**What to do:**
An exact copy of the listing below is the answer, with the pictures removed.

**Dataset section:**
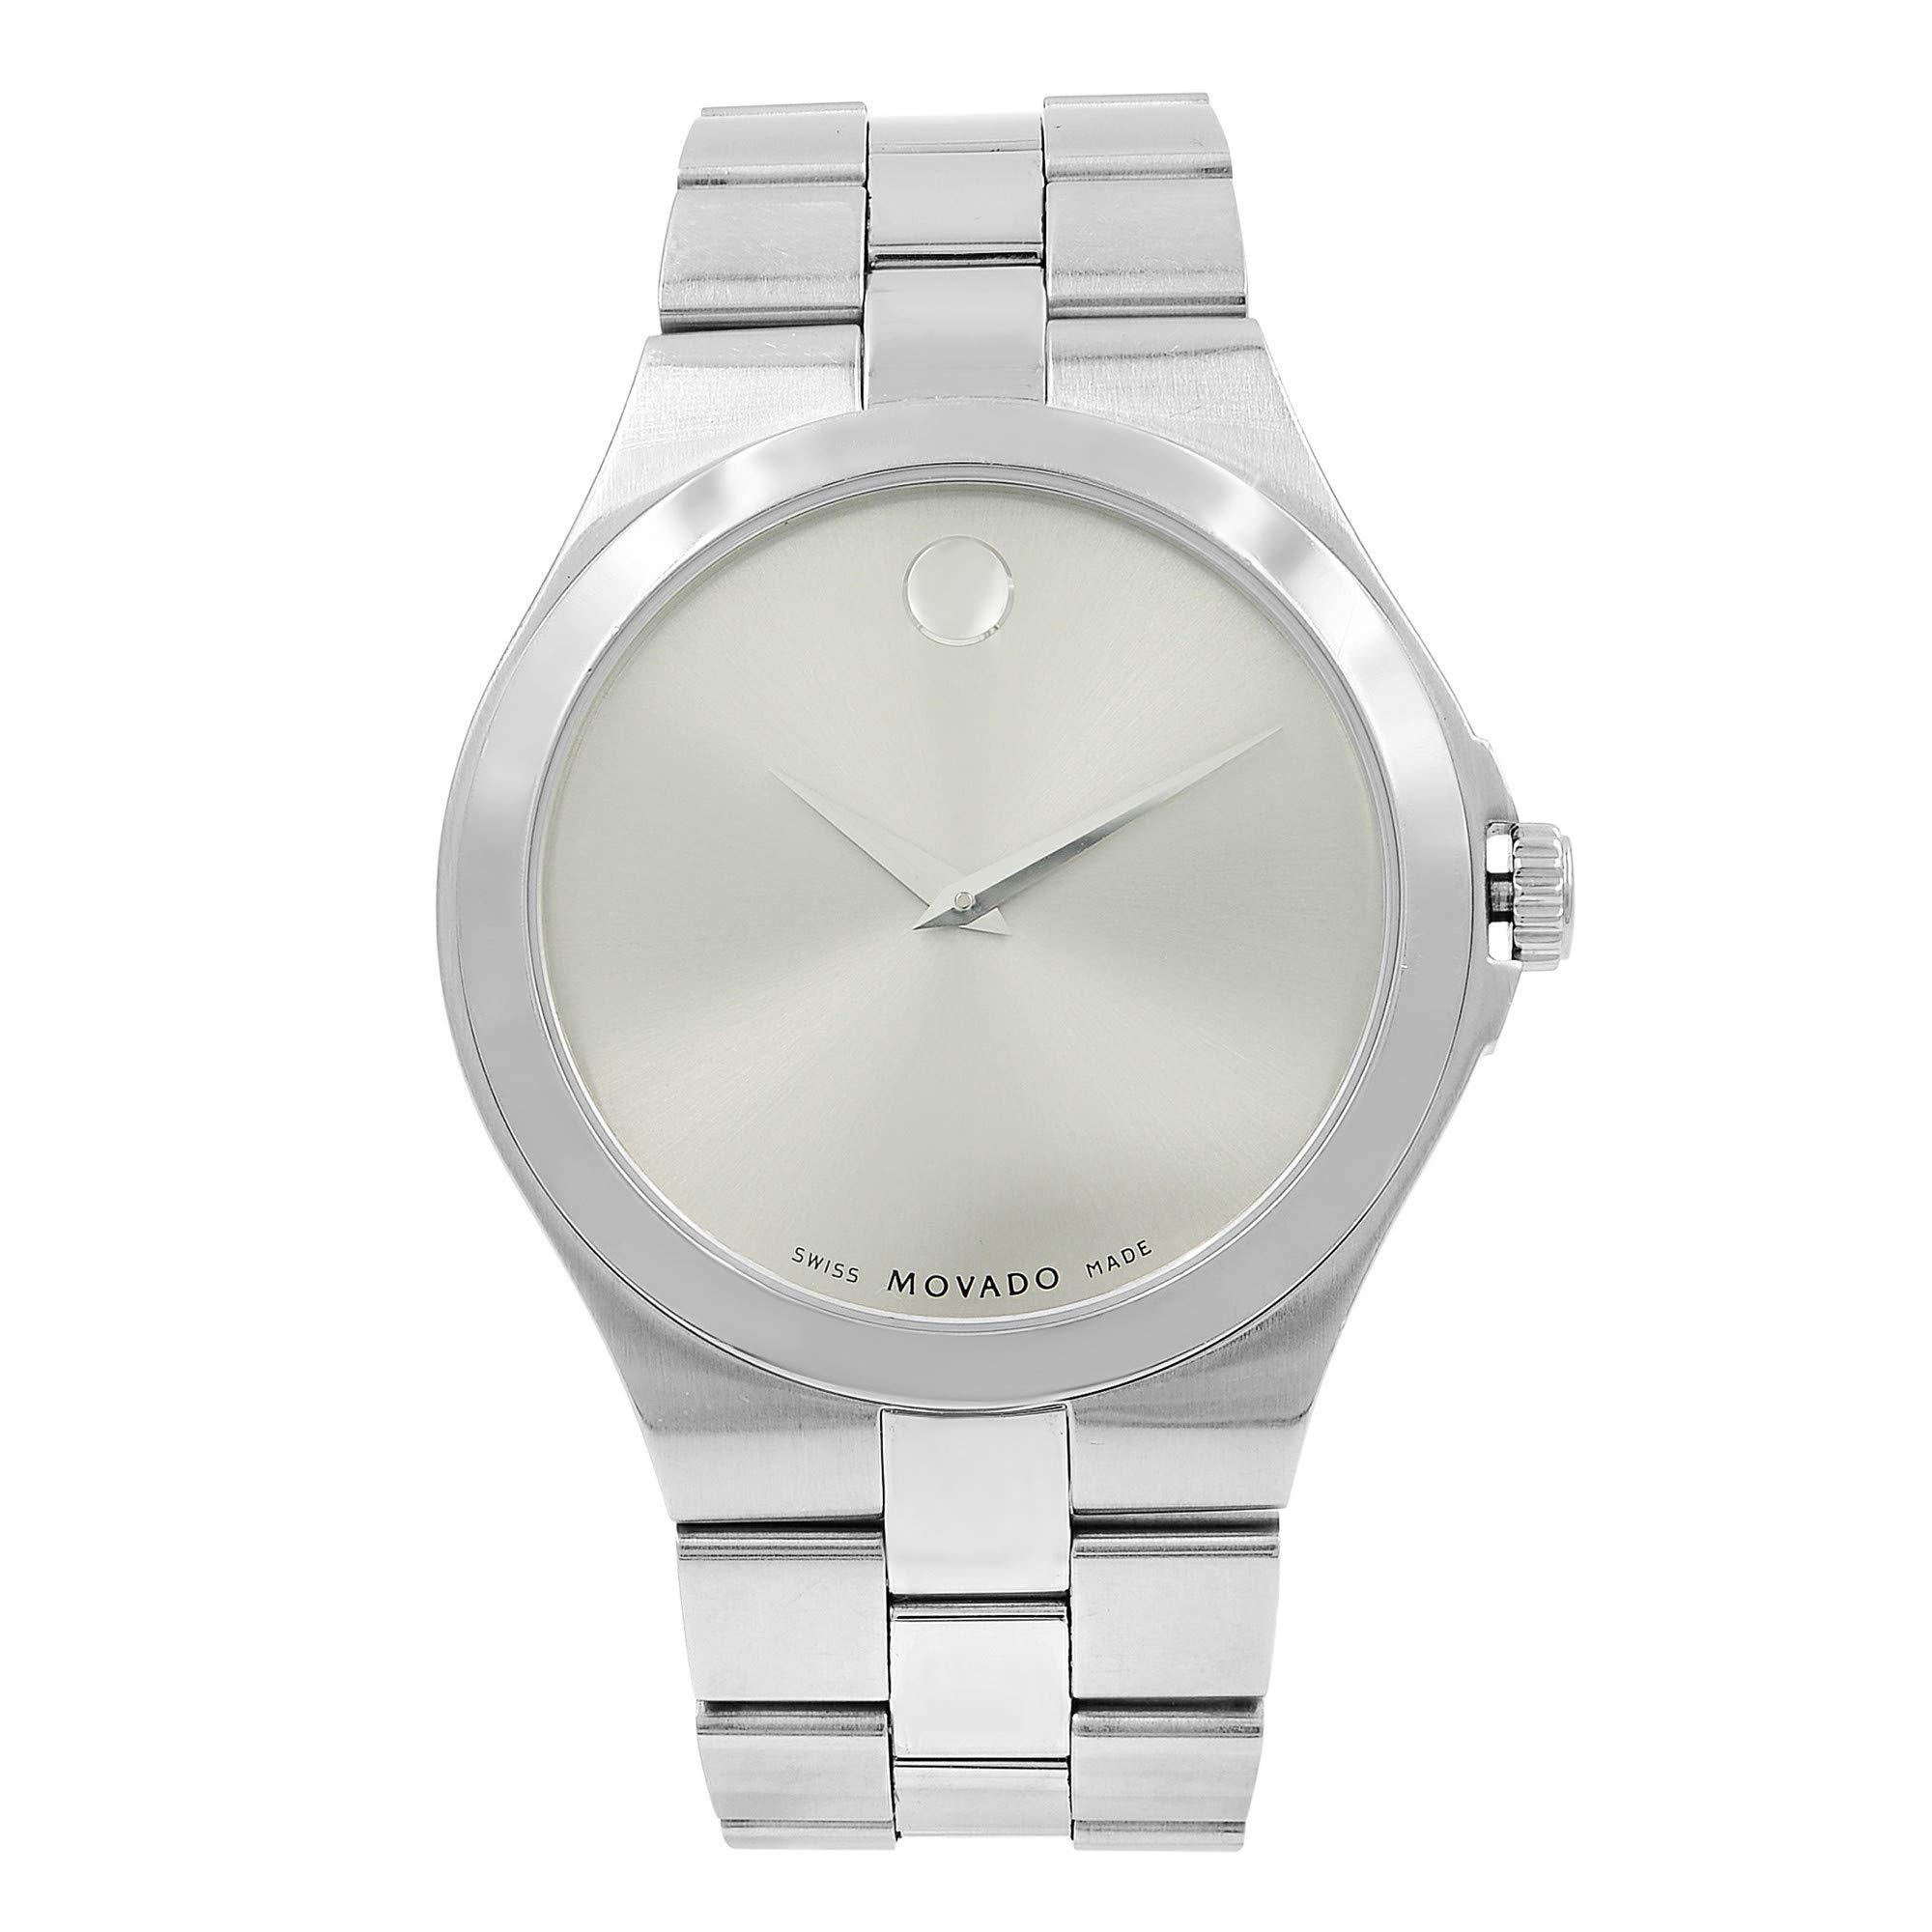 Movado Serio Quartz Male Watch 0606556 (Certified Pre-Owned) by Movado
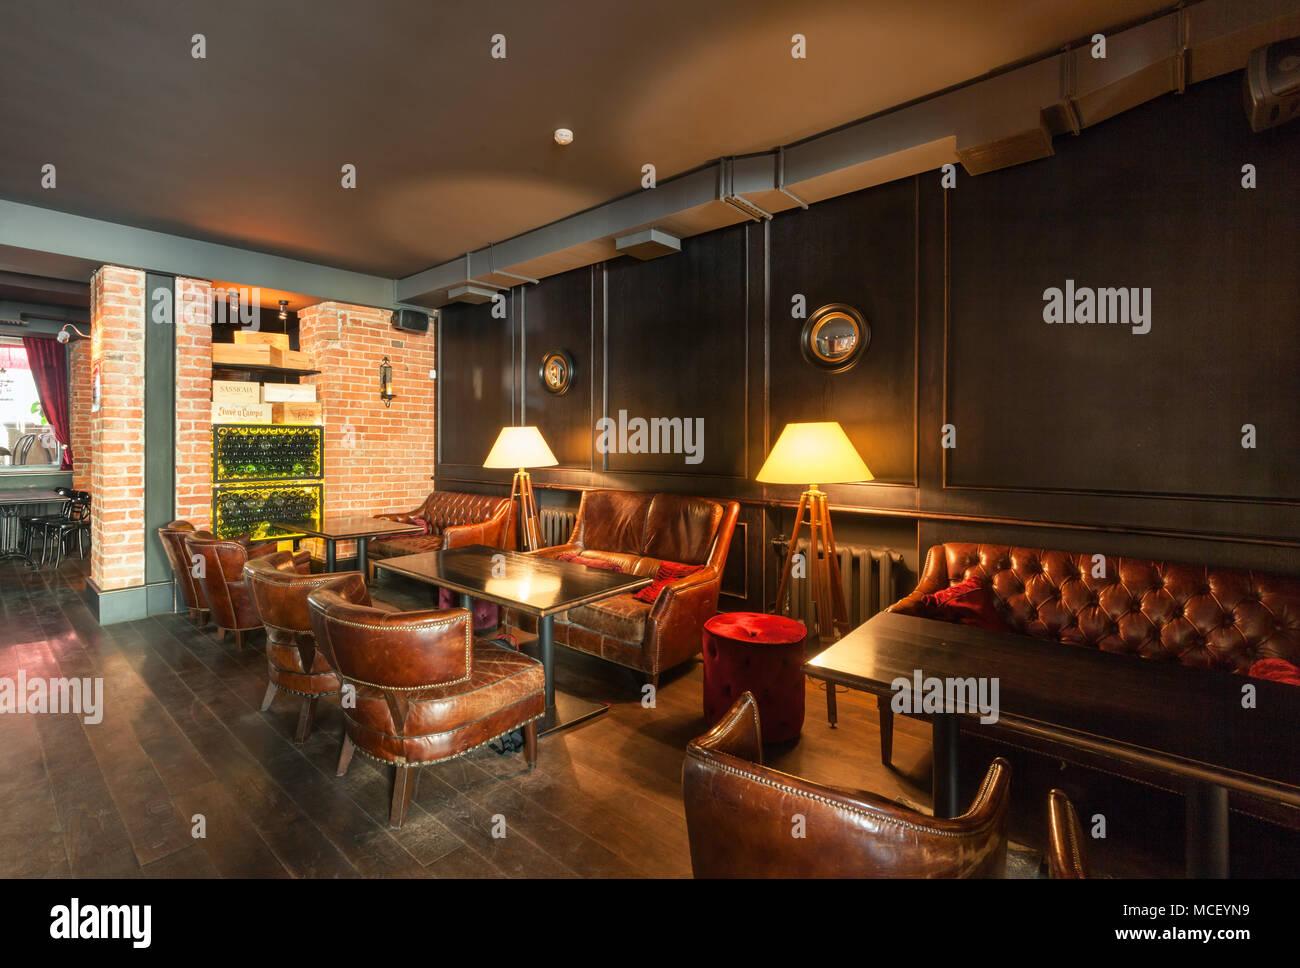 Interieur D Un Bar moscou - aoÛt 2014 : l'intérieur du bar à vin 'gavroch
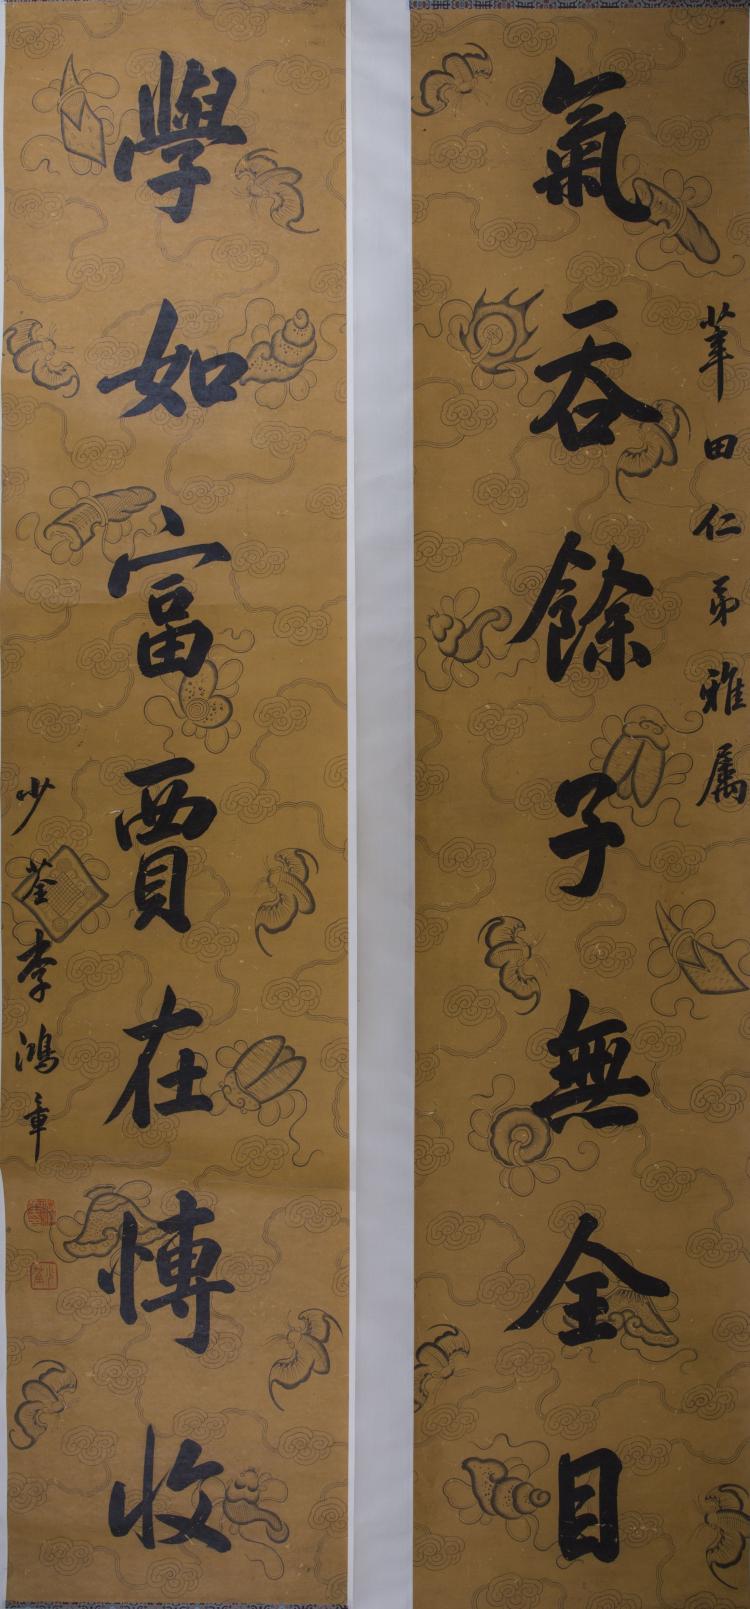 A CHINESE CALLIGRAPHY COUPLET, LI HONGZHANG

**Output for this task:**
 Movado Serio Quartz Male Watch 0606556 (Certified Pre-Owned) by Movado
 Interieur D Un Bar moscou - aoÛt 2014 : l'intérieur du bar à vin 'gavroch
 A CHINESE CALLIGRAPHY COUPLET, LI HONGZHANG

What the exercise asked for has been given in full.